Hotdarnit, I've been around and have accumulated a lot of experience as far as itinerant wandering...But Mr Murphy can show up at any time: as everyone here knows, a traveler's life is in his pack: I was moving around the world without a hitch for 3 weeks...then an airline lost my pack and someone in one of the airports I was passing through stole my frying pan, instant coffee, canteen cup, swiss army knife. Do I have $$ to replace that stuff? -No. With a pack, I'm cool anywhere and can bed down and survive anywhere. Without it, I ended up having to dump my life savings on a hotel room. All the cheap hostels were full: my laptop was in my bag so I had no way of searching maps; hostel websites, etc. Watch out for Mr Murphy.


----------



## Andrea Van Scoyoc (Jun 27, 2015)

Brother X said:


> Doing the same thing as I take a year off the road (9 more months to go!) rolling up a wad of cash and assembling new gear. Then it's on to a 4 month PCT trek and possibly a resettlement in Eugene. For now I do weekend treks into the wild and assist FNB with feedings.




Awesome!


----------



## Andrea Van Scoyoc (Jun 27, 2015)

voodoochile76 said:


> Hotdarnit, I've been around and have accumulated a lot of experience as far as itinerant wandering...But Mr Murphy can show up at any time: as everyone here knows, a traveler's life is in his pack: I was moving around the world without a hitch for 3 weeks...then an airline lost my pack and someone in one of the airports I was passing through stole my frying pan, instant coffee, canteen cup, swiss army knife. Do I have $$ to replace that stuff? -No. With a pack, I'm cool anywhere and can bed down and survive anywhere. Without it, I ended up having to dump my life savings on a hotel room. All the cheap hostels were full: my laptop was in my bag so I had no way of searching maps; hostel websites, etc. Watch out for Mr Murphy.

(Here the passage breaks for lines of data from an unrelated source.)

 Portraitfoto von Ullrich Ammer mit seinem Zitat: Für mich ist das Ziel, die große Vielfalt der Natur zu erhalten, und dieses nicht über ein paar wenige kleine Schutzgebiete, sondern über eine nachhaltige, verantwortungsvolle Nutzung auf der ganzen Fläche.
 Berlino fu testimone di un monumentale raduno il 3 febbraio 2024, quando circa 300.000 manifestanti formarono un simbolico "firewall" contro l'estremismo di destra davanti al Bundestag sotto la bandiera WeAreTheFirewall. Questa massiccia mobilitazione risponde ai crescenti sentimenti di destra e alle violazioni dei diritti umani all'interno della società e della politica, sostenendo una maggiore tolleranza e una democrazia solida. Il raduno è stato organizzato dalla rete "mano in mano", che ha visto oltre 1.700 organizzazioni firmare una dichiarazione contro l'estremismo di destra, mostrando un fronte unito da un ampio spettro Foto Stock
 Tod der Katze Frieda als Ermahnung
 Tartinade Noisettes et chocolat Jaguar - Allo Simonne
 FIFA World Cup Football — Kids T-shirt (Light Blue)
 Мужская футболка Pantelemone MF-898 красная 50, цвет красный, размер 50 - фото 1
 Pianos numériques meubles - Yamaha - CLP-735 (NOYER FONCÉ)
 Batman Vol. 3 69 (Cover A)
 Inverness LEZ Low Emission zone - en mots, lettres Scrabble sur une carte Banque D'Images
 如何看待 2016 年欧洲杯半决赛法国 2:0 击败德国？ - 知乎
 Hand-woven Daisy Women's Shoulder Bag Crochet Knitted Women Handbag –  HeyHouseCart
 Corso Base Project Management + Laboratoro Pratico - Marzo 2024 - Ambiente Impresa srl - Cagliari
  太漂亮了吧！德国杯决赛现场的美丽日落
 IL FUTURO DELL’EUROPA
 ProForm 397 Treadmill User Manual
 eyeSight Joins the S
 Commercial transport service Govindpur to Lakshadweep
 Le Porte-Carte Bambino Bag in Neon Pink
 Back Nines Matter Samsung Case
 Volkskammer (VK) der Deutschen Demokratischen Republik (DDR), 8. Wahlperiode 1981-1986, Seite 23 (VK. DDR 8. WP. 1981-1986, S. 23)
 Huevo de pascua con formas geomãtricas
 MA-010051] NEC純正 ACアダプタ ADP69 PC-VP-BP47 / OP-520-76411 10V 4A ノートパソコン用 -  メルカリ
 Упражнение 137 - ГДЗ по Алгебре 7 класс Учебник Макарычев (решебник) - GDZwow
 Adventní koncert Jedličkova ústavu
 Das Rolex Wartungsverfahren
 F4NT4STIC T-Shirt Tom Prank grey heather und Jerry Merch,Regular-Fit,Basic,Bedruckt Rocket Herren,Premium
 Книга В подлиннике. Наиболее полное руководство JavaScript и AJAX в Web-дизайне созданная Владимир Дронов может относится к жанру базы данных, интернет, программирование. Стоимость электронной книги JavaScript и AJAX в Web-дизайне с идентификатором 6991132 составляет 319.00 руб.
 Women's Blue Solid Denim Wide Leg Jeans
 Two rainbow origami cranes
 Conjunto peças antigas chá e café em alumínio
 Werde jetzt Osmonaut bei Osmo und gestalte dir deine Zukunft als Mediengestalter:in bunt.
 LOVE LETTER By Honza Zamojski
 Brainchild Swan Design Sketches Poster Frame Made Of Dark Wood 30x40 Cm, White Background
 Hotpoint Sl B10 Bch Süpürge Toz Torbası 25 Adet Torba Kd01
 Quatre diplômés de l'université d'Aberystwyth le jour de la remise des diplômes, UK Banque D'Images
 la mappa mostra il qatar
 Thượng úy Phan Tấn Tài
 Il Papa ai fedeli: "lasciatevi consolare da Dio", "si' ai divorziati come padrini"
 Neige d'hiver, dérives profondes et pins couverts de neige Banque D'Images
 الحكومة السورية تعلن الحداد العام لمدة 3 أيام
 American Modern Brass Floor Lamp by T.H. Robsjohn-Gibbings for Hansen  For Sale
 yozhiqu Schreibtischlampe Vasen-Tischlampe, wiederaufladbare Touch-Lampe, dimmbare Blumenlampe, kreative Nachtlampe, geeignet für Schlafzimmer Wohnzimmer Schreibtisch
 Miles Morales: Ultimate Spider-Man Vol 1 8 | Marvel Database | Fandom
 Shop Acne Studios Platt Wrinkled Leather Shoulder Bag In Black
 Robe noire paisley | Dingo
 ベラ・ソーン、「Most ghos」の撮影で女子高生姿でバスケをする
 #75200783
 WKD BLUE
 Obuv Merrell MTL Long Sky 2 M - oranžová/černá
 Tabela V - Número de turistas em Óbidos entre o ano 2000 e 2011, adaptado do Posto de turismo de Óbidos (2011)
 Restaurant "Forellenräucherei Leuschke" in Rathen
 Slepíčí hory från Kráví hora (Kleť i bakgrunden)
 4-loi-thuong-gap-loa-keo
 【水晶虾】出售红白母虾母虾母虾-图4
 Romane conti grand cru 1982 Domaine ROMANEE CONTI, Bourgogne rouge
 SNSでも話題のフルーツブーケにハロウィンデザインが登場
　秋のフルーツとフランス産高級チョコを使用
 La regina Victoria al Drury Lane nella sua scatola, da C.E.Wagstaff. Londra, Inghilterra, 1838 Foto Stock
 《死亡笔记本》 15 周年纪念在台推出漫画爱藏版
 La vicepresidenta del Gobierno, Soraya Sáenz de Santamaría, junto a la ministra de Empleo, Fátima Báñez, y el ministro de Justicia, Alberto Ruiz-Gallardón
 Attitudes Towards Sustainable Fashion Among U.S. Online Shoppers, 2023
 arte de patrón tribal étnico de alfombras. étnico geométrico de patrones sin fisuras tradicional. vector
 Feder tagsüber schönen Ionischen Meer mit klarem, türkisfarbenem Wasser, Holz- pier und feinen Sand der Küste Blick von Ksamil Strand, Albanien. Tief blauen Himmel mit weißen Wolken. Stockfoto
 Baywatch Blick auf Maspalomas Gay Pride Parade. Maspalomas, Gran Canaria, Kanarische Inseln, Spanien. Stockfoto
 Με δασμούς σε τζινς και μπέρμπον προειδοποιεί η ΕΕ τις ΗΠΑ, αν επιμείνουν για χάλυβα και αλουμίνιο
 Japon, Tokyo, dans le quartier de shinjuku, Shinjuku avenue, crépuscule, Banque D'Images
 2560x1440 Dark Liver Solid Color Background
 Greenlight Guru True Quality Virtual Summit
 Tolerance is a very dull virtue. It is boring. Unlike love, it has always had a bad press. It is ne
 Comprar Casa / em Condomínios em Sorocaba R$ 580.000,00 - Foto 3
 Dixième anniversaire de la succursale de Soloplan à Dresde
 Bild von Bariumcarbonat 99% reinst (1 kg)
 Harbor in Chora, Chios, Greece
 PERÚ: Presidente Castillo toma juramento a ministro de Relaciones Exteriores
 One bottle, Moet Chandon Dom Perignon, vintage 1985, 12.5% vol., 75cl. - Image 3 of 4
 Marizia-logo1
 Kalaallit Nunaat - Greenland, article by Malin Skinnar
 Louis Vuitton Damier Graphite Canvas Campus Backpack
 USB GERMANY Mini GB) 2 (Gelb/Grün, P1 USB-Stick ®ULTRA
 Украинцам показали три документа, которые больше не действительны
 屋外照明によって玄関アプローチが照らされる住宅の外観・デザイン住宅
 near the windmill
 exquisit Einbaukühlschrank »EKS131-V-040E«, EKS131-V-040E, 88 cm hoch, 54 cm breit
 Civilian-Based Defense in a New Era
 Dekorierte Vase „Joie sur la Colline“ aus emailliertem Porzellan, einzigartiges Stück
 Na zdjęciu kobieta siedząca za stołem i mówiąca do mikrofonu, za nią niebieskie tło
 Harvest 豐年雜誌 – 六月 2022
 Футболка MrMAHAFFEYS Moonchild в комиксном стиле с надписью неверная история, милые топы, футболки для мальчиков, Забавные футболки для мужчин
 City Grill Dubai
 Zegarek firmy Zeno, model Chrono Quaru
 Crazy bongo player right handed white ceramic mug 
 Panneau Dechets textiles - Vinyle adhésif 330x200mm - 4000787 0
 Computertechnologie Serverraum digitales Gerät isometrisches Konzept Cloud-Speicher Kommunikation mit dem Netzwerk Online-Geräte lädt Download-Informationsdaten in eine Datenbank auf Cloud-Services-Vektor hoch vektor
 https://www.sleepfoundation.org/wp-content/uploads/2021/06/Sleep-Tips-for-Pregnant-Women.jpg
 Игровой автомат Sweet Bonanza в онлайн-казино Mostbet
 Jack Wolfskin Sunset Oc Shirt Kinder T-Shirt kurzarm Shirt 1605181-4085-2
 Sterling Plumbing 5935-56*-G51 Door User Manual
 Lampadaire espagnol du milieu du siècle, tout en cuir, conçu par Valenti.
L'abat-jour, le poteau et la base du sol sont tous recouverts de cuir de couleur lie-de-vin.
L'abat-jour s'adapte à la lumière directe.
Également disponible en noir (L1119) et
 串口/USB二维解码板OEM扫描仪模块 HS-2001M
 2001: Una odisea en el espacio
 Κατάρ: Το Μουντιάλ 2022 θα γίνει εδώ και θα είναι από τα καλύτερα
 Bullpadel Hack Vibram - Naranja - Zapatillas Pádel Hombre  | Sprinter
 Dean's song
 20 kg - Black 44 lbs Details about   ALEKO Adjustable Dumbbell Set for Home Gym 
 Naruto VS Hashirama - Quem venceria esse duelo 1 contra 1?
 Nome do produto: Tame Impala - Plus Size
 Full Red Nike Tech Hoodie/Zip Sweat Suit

Mr. Murphy and I hate each other.

He's the reason I'm such a planner.
::cat::


----------



## Kal (Jun 27, 2015)

Nothing wrong with having a plan @Andrea Van Scoyoc and @Tude. I make plans all the time. There is plan a and plan b. But of course I still get a surprise every now and then that makes a person ask the question, what the fuck? And when this happens it's time for plan c. Plans are awesome and so is activism it's called giving back I like to volunteer or to share with people when I have something to share. Andy and Tude you two are awesome.


----------



## Andrea Van Scoyoc (Jun 27, 2015)

Awww, thanks @Kal 

::joyful::

You're such a great support.


----------



## Tude (Jun 27, 2015)

hehe @Kal yep on the plan c or "abbreviated" plan a so it makes better sense. But to make my plans set is to update some of my gear so I can go with plan a - which is going out the stp jamboree in oct. the want 

And thank you too!  

I have a kid hanging around the city who surfed my place a couple weeks and he met up with one of my street people when we were on the bus. Now I talk and talk closely sometimes with some of the homeless here and hehe - Joe met James on the bus. James was pretty shit faced and it was interesting watching Joe who was watching closely. I keep an eye out for James - who is huge but harmless but if he's hungry I get him something.


----------



## lone wolf (Jun 29, 2015)

Andrea Van Scoyoc said:


> Call it the secretary in me, or maybe just my OCD, but I don't like surprises.
> 
> Everything I do, is planned, or in some way, manageable.


i'm somewhat the same. it's a rare occurrence for me to do much of anything without first considering the pros and cons. think it was easier to drop everything and hit the road in my teens and 20's since i was usually traveling to get away from a conflict rather than pursuing an adventure. once i was on the road though it was an uplifting experience every time.

been a decade since i've bounced around the states. i'm eager to cruise the highway again but i don't have everything i need yet. 2 days left in this apartment and then maybe i can start saving if i can find a cozy spot until i get some wheels.


----------



## Andrea Van Scoyoc (Jun 29, 2015)

@lone wolf 

Best of luck. I hope your next adventures will have been worth the decade wait.


----------



## Durp (Jul 16, 2015)

I always plan, then don't have enough money when my deadline hits so I say fuck it and go. I do my best work by the seat of my pants. Plus I have had better adventures and found people places and thing I never knew to exist when flying the jean seat express.


----------